::: Data block
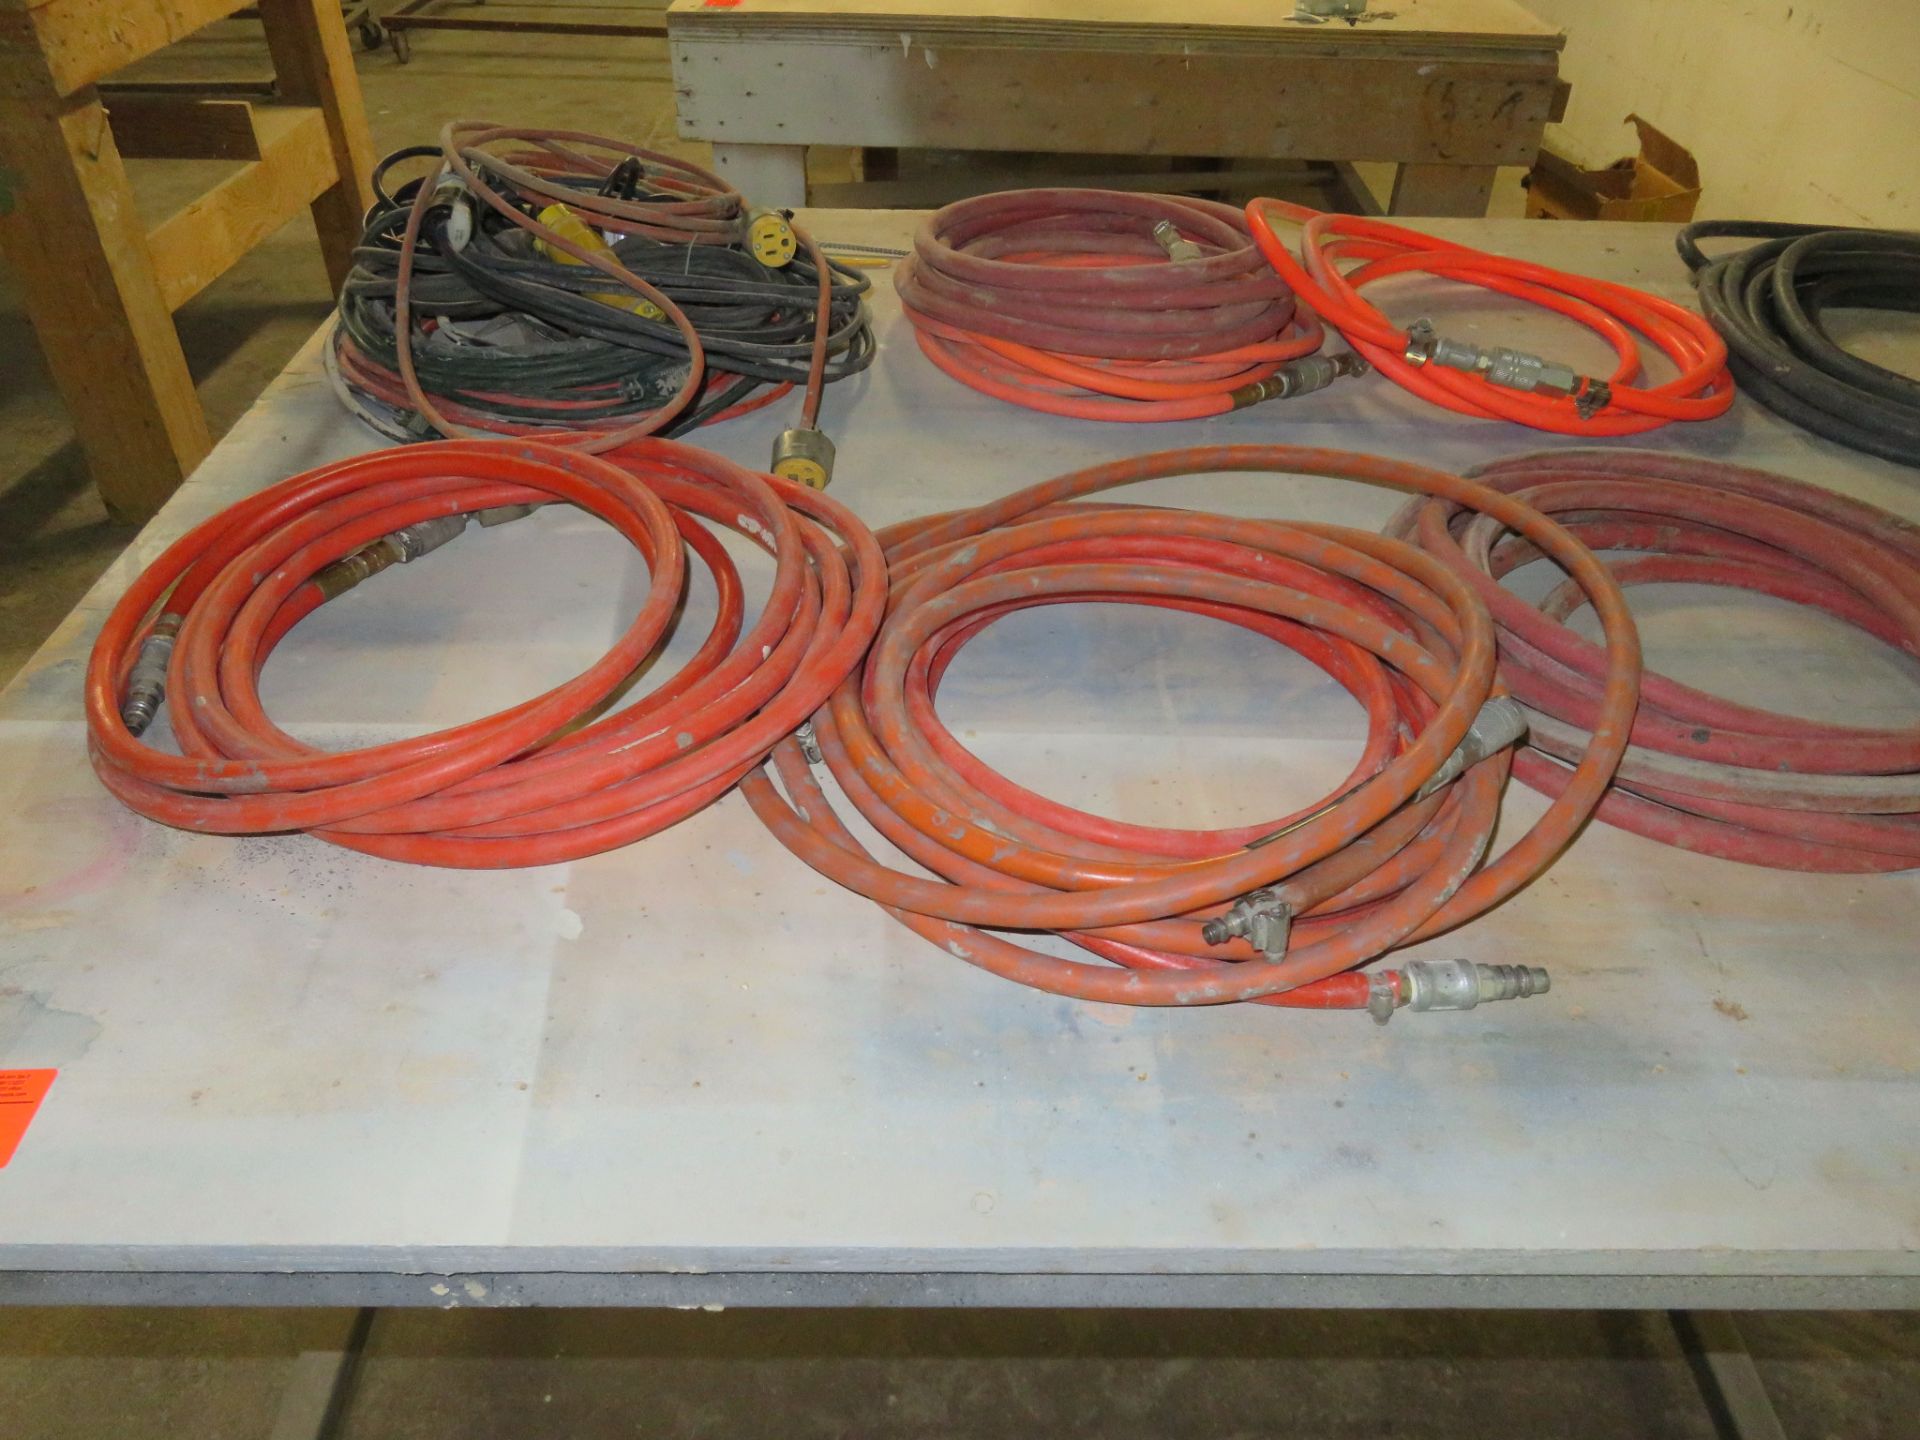 Welded Work Table approx 4'x8' & Hoses Lot - Image 2 of 4
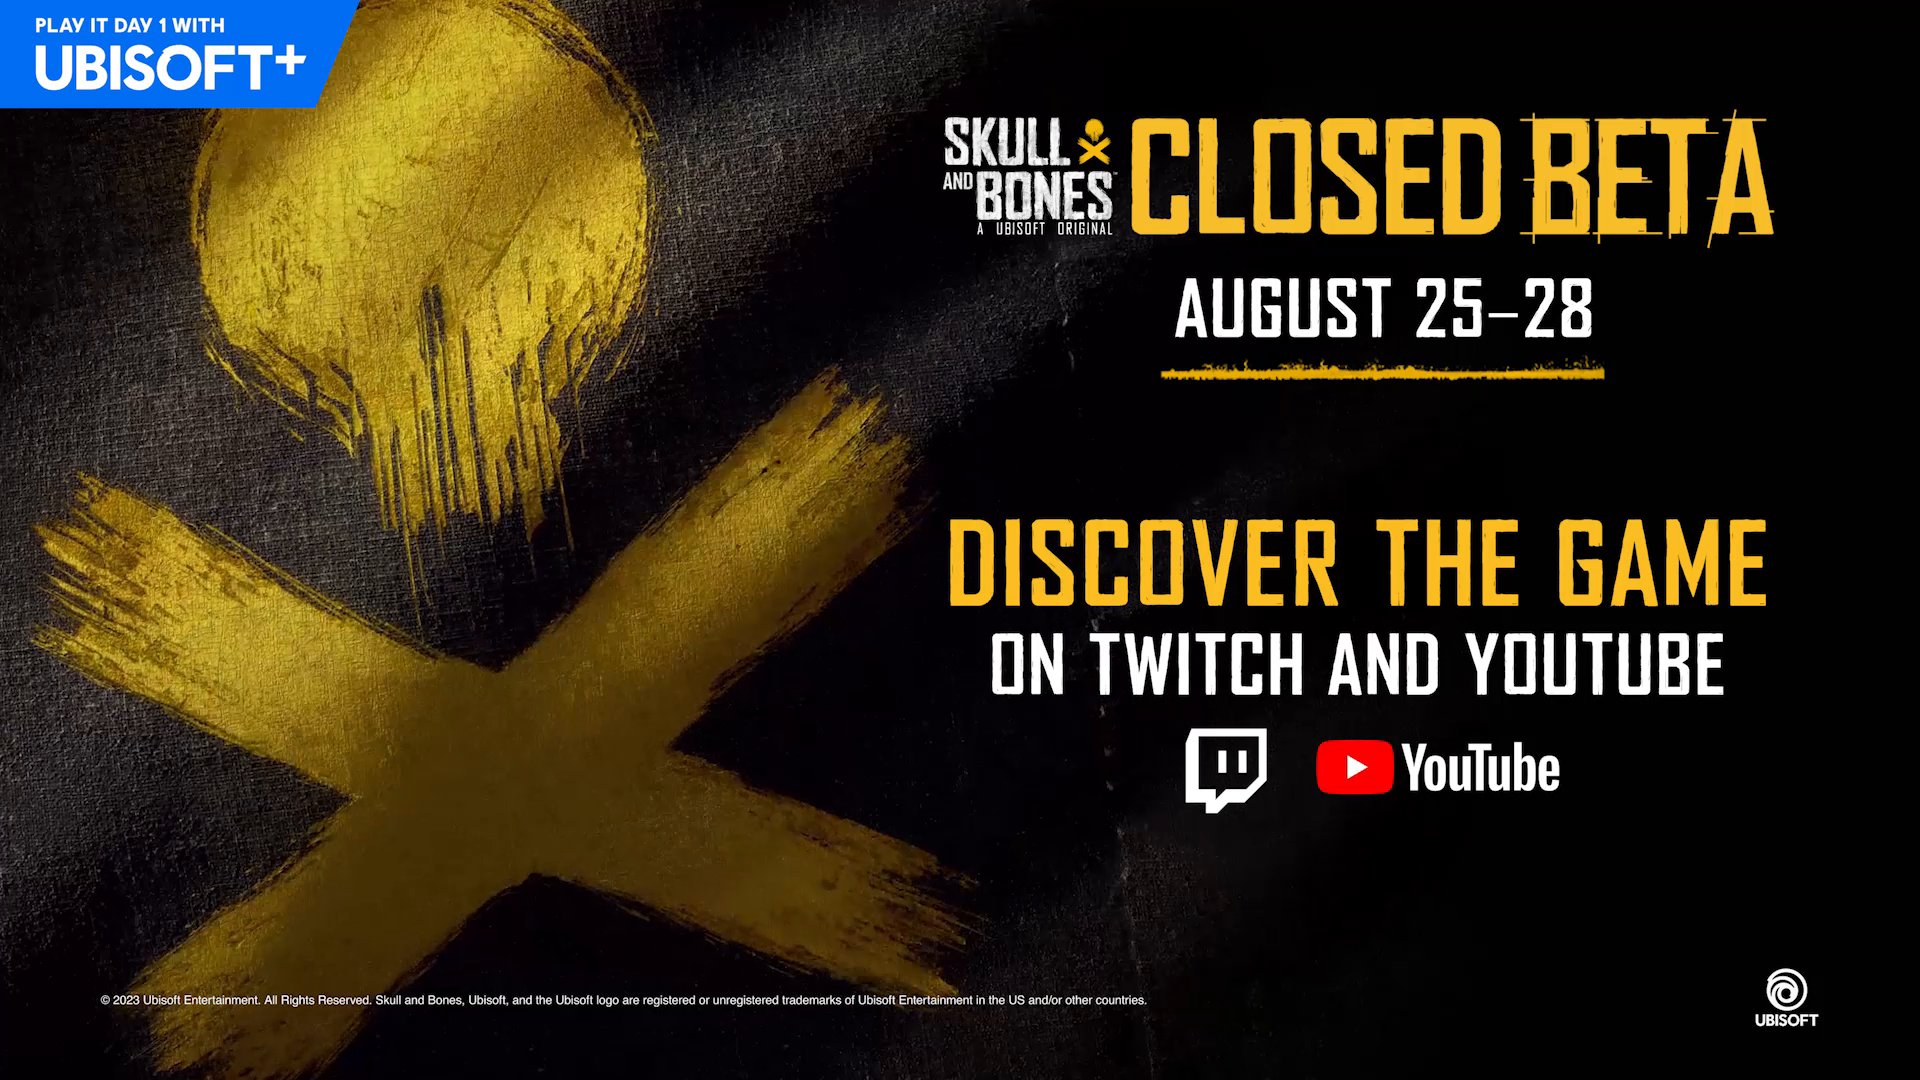 How to join the Skull and Bones closed beta
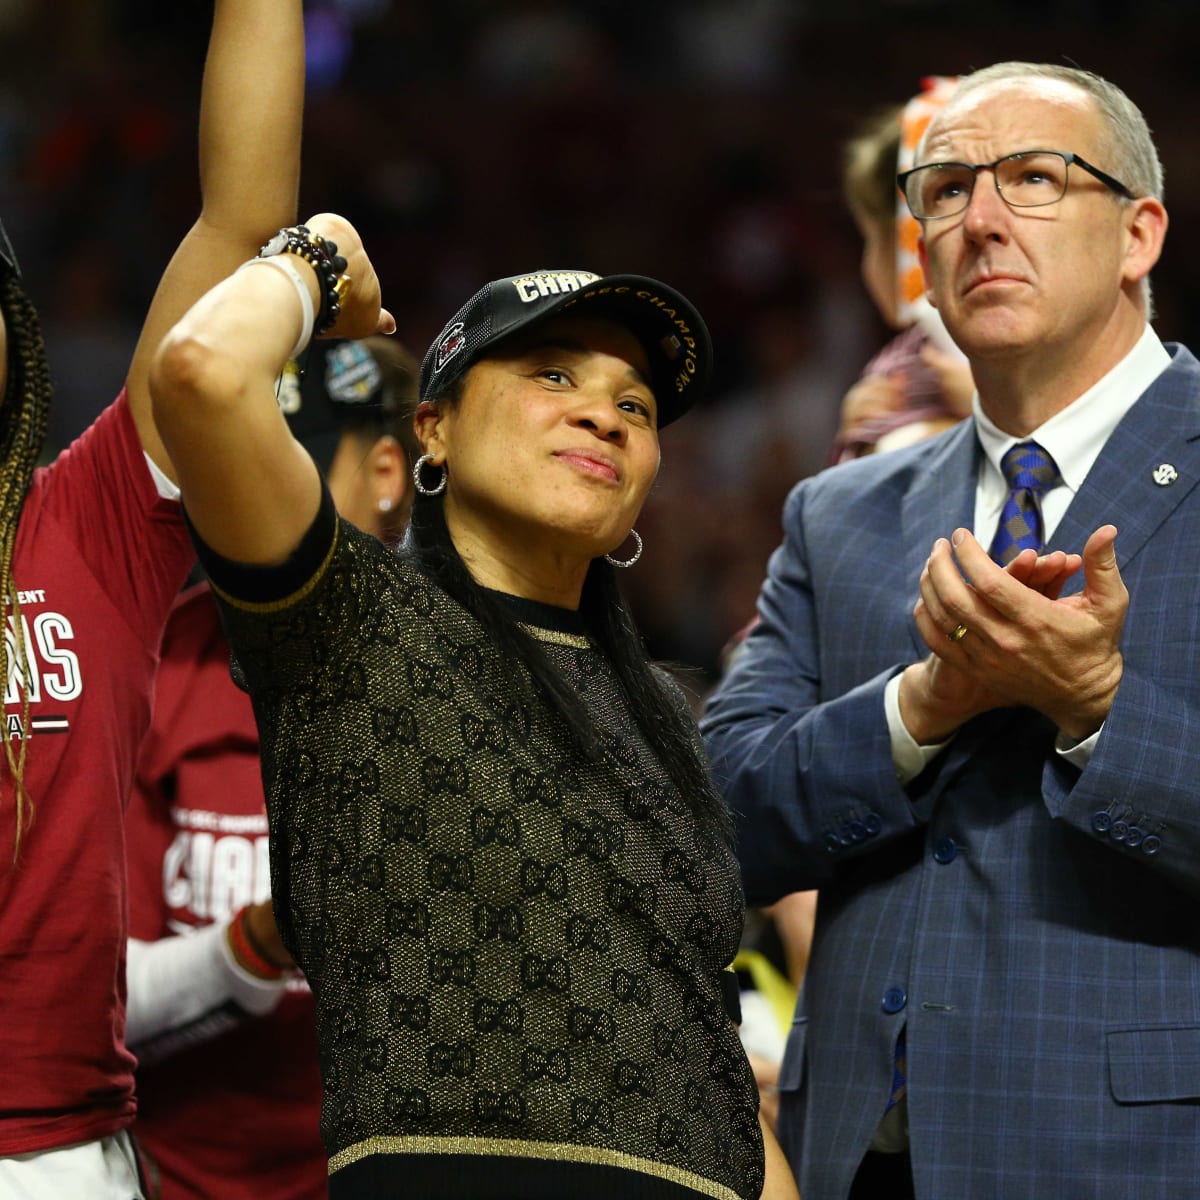 Will Dawn Staley Coach Basketball at the Tokyo Olympics?
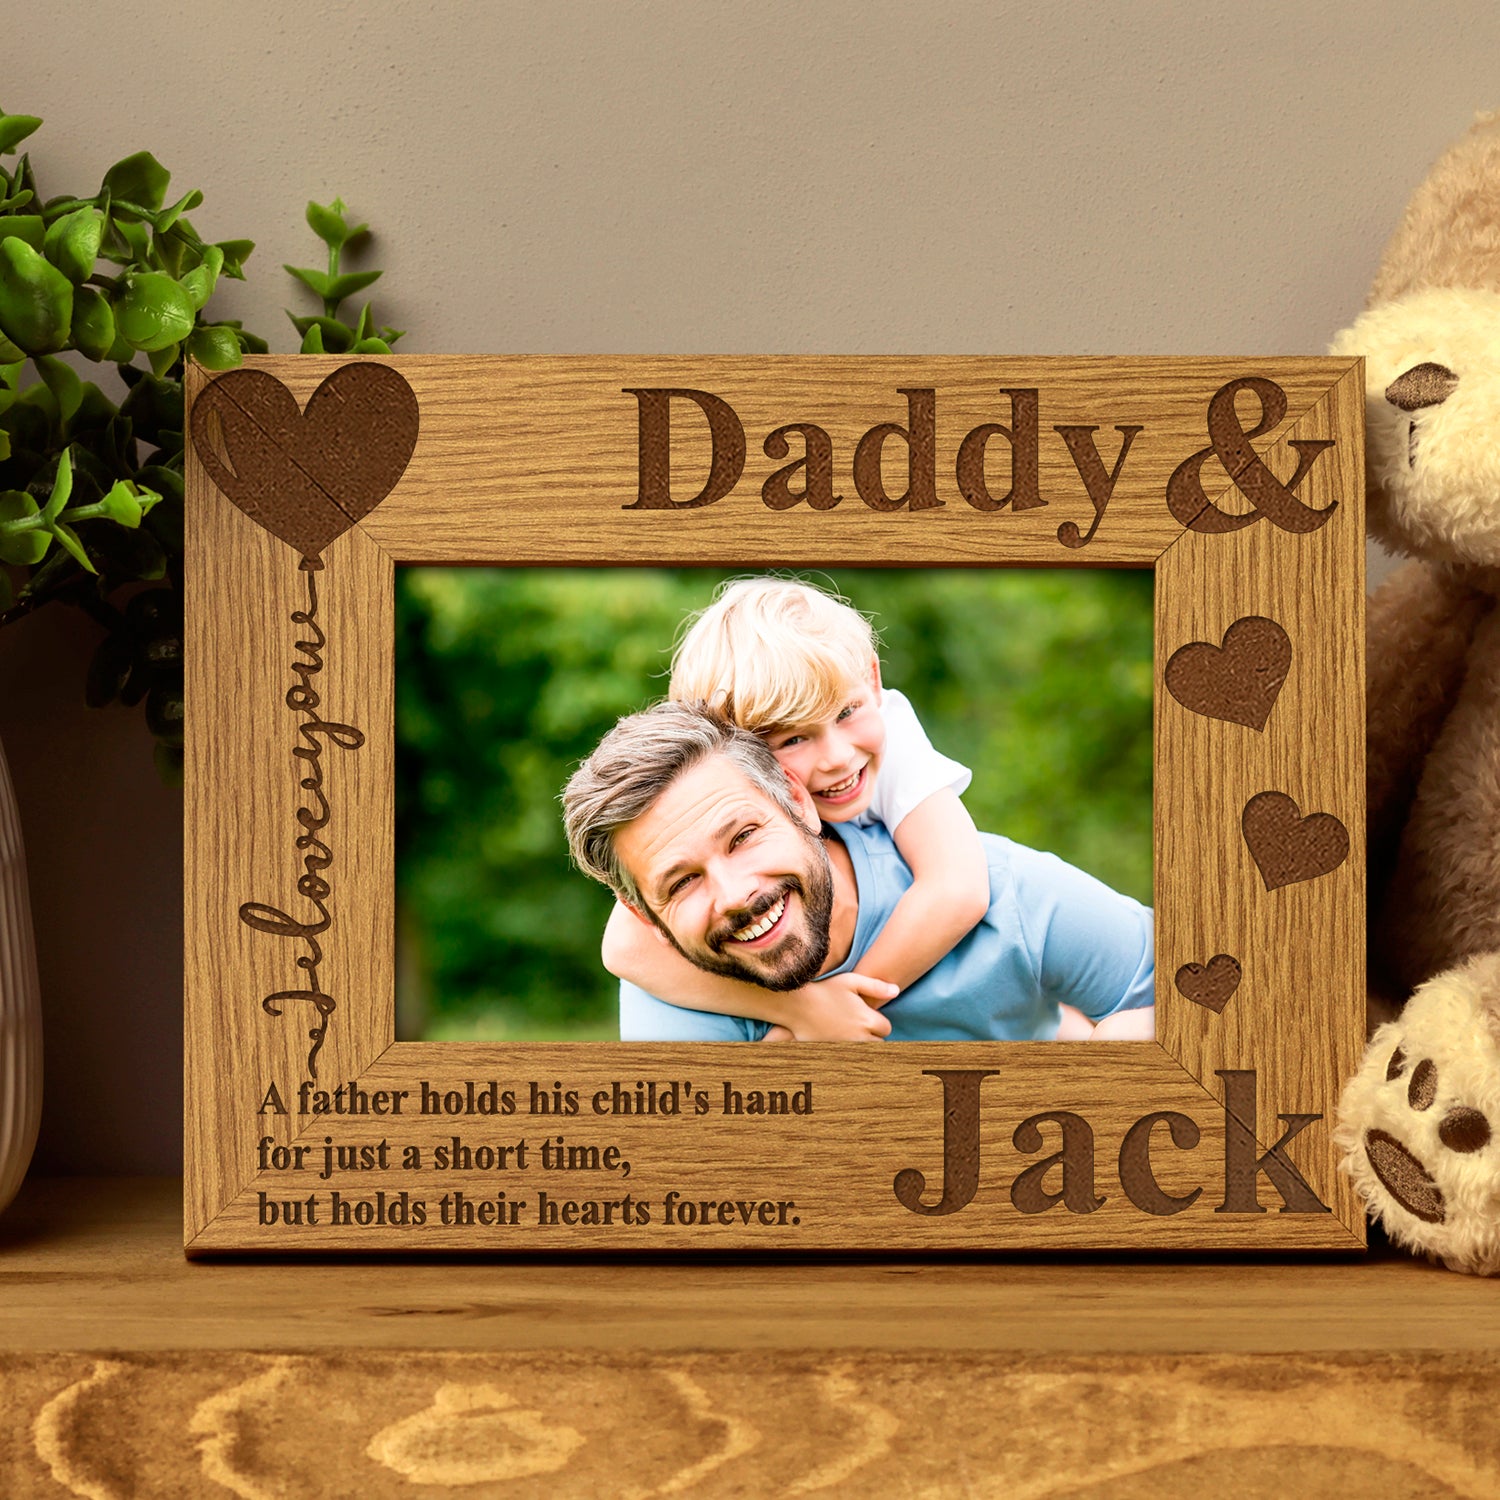 Personalised Daddy and Son or Daughter Heart Wooden Photo Frame Gift - ukgiftstoreonline
::::::
• [Action item]: Give the listing again word for word. Skip every image.

• [Answer box]:
 Welded Work Table approx 4'x8' & Hoses Lot - Image 2 of 4
 How to join the Skull and Bones closed beta
 Will Dawn Staley Coach Basketball at the Tokyo Olympics?
 Personalised Daddy and Son or Daughter Heart Wooden Photo Frame Gift - ukgiftstoreonline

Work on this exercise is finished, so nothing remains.